Keywords: newborn, neonatology, malignant ectomesenchymoma, congenital neck mass, soft tissue neoplasm
1. Introduction
Malignant Ectomesenchymoma (MEM) is an exceedingly rare soft tissue neoplasm. MEM is considered a skeletal muscle malignancy [1], presumed to originate from migratory neural crest cells, but the exact etiology is unclear [2,3,4]. MEM is biphasic, characterized by neuroectodermal (with components of varying degrees of maturation) and mesenchymal elements (often featuring predominantly rhabdomyoblastic differentiation) [3,4].
MEM tumors may develop at any site within the soft tissue or central nervous system. Most commonly, it presents in the soft tissues within the abdomen, pelvis, or external genitalia; and less commonly, within the head–neck regions or mediastinum [3]. Most cases are diagnosed in infants or children under 2 years of age; congenital presentations are exceedingly uncommon, with less than 100 cases reported in the literature [3,4]. MEM poses significant diagnostic and therapeutic challenges due to its mixed nature and rarity. This case report describes a newborn with congenital MEM of the neck admitted to the Neonatal Intensive Care Unit (NICU).
2. Case Presentation
A caucasian full-term, large for-gestational-age male neonate, born via cesarean section at 39 weeks gestation, was admitted to a level-four NICU in Kentucky for a large mass on the left lateral aspect of his neck, and respiratory distress. The pregnancy was complicated by gestational diabetes, maternal history of incompletely treated latent tuberculosis, and a vascular malformation on a lower extremity. Additionally, there is a non-contributory family history of head and neck cancer. Notably, routine prenatal ultrasound was unremarkable at 38.0 weeks.
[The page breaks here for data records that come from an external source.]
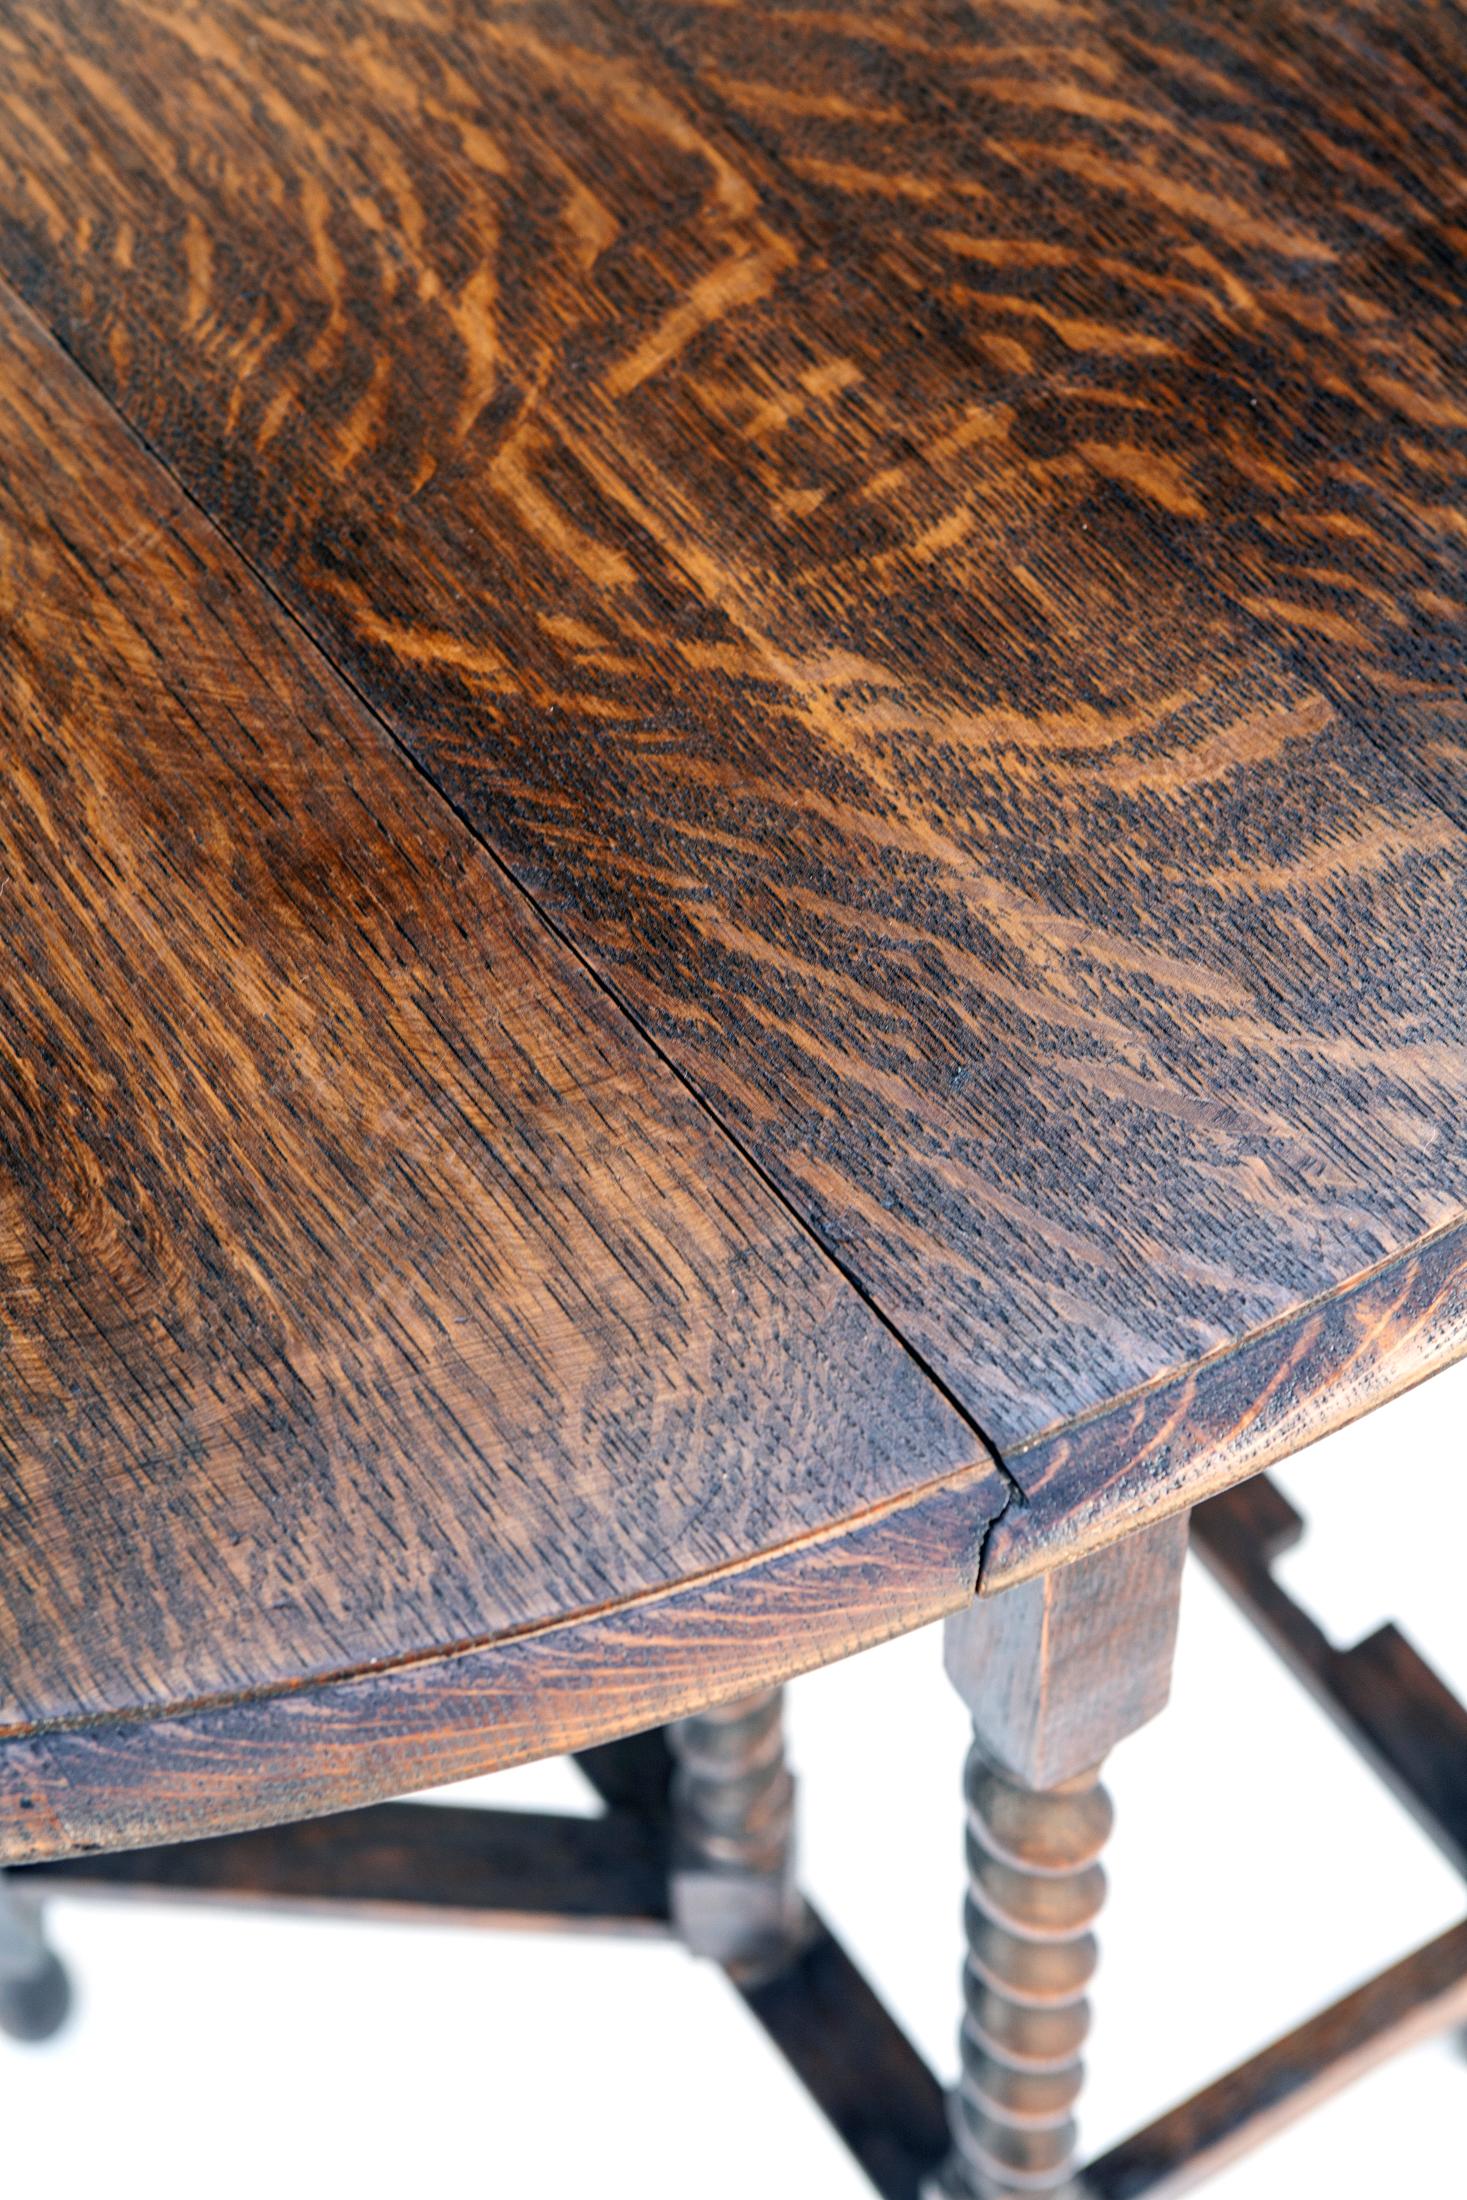 19th Century Turned Oak Barleycorn Drop Leaf Table
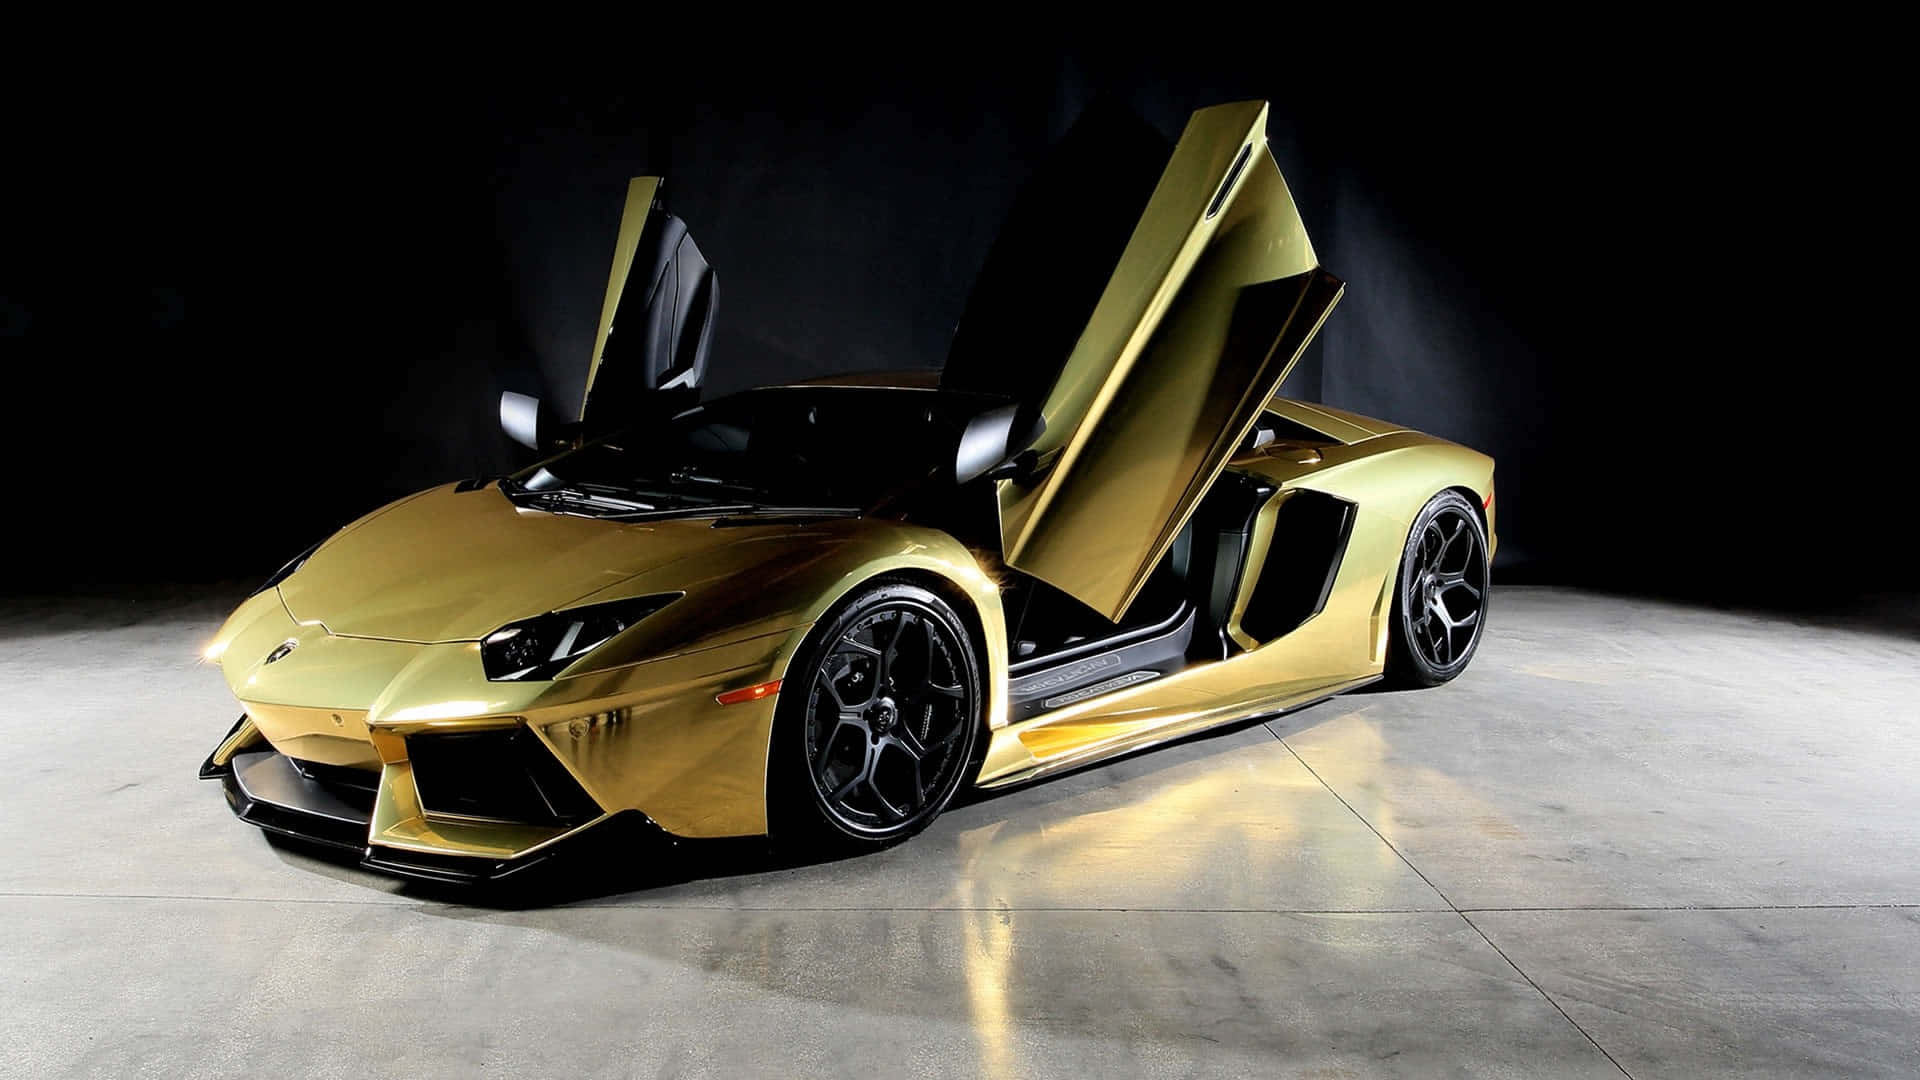 Luxury Personified - The Gold Lamborghini Wallpaper
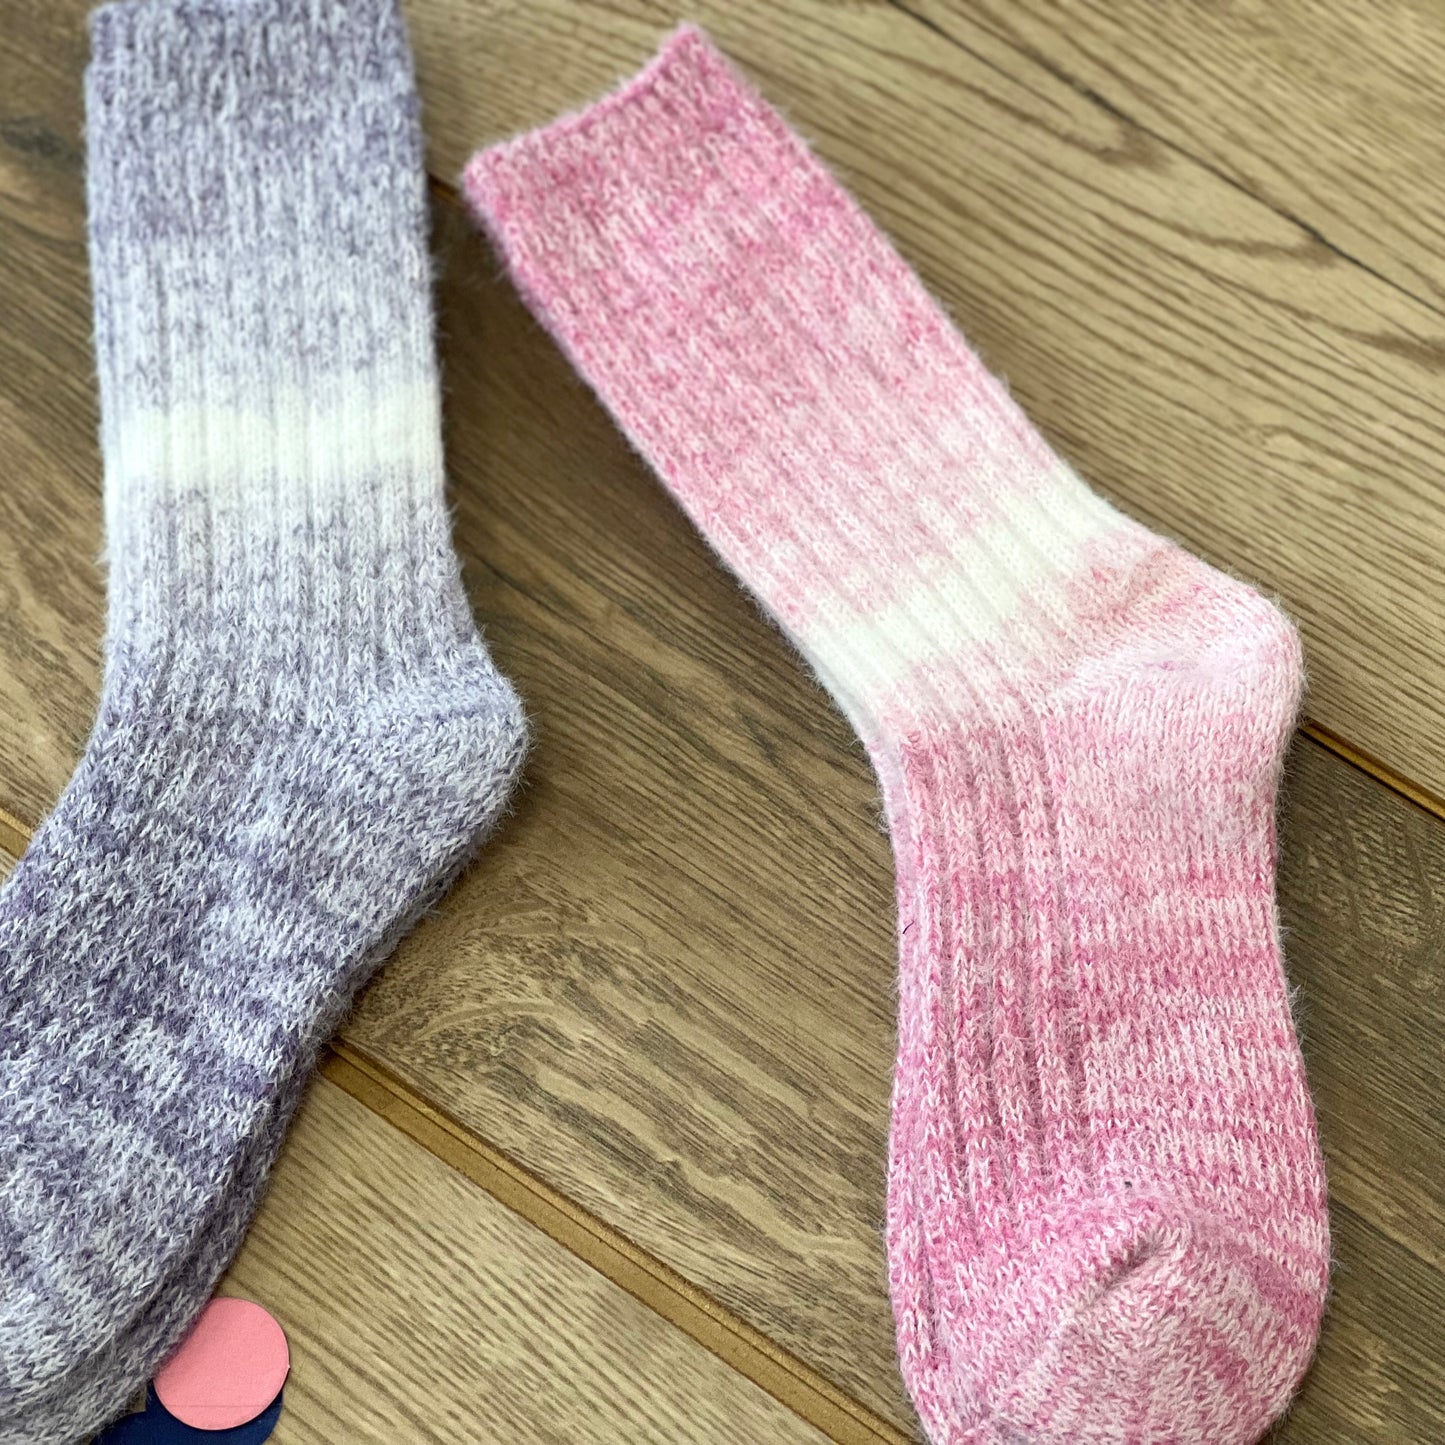 Get Well Soon Pink Snuggle Socks
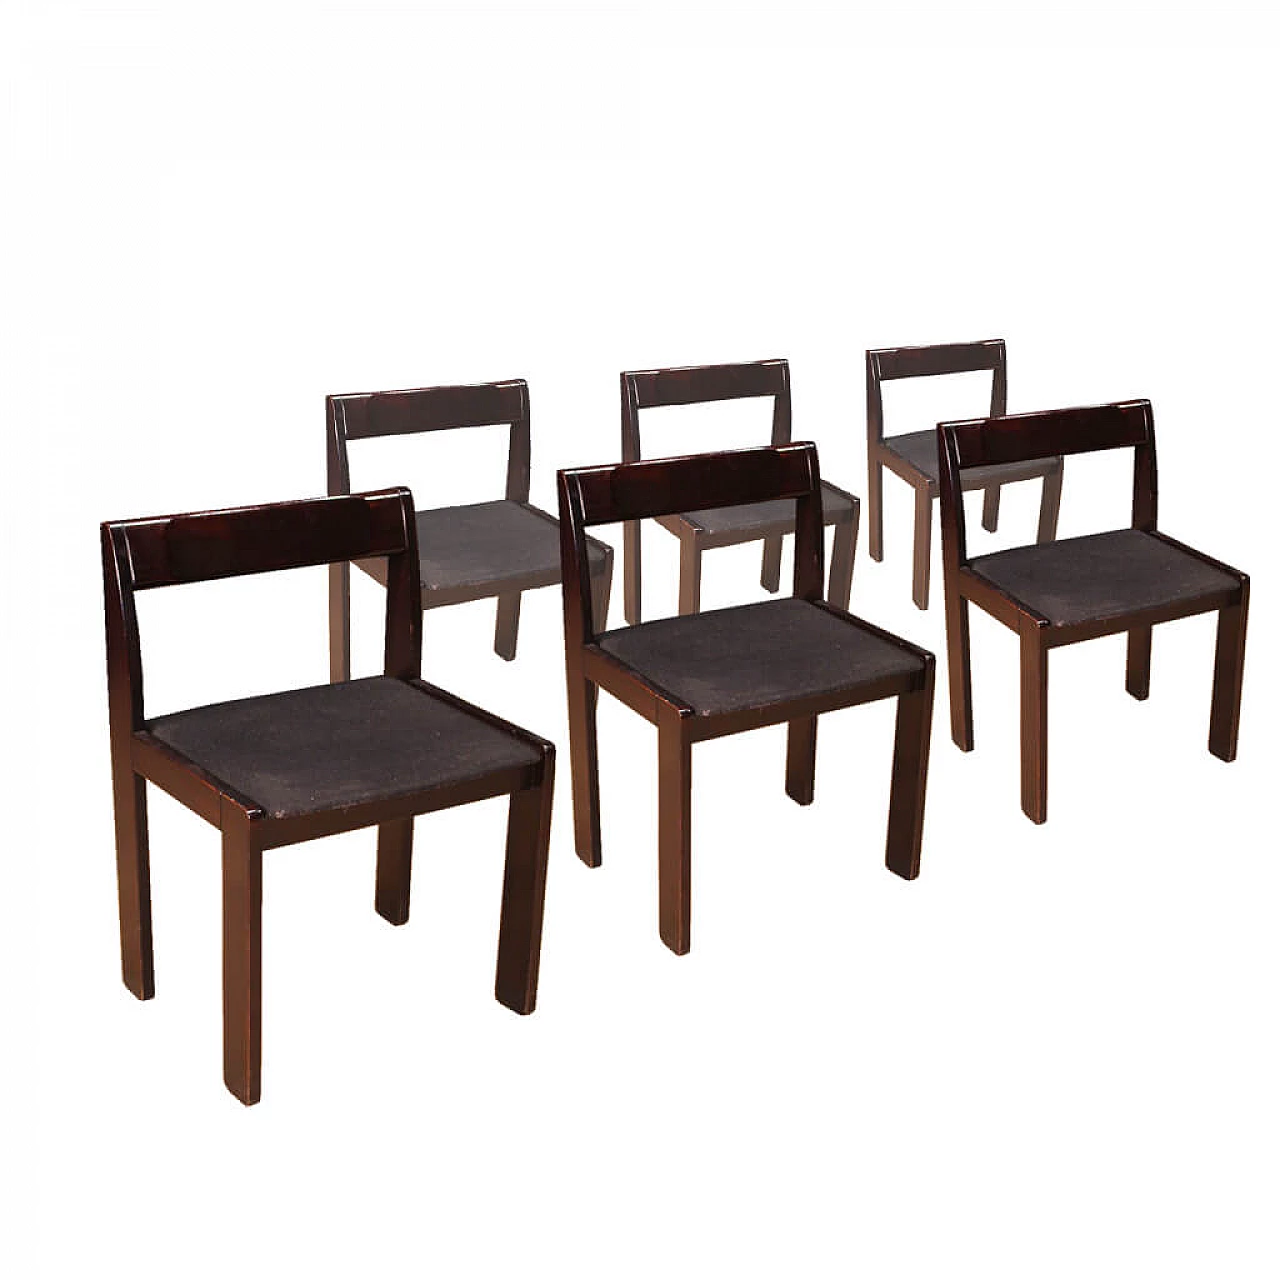 Six Italian designer chairs in mahogany wood 1064168

At birth, the newborn physical examination revealed a large, non-tender firm submandibular mass, measuring approximately 5 cm × 2 cm on the left neck, below the ear. The mass was mobile and well demarcated, without overlying skin changes (Figure 1). Stridulous at rest, the infant was most comfortable laying on his left side but was otherwise well appearing. He was maintained on continuous positive airway pressure (CPAP) and supplemental oxygen.
Figure 1.
Left lateral aspect of infant’s neck on day of life 0.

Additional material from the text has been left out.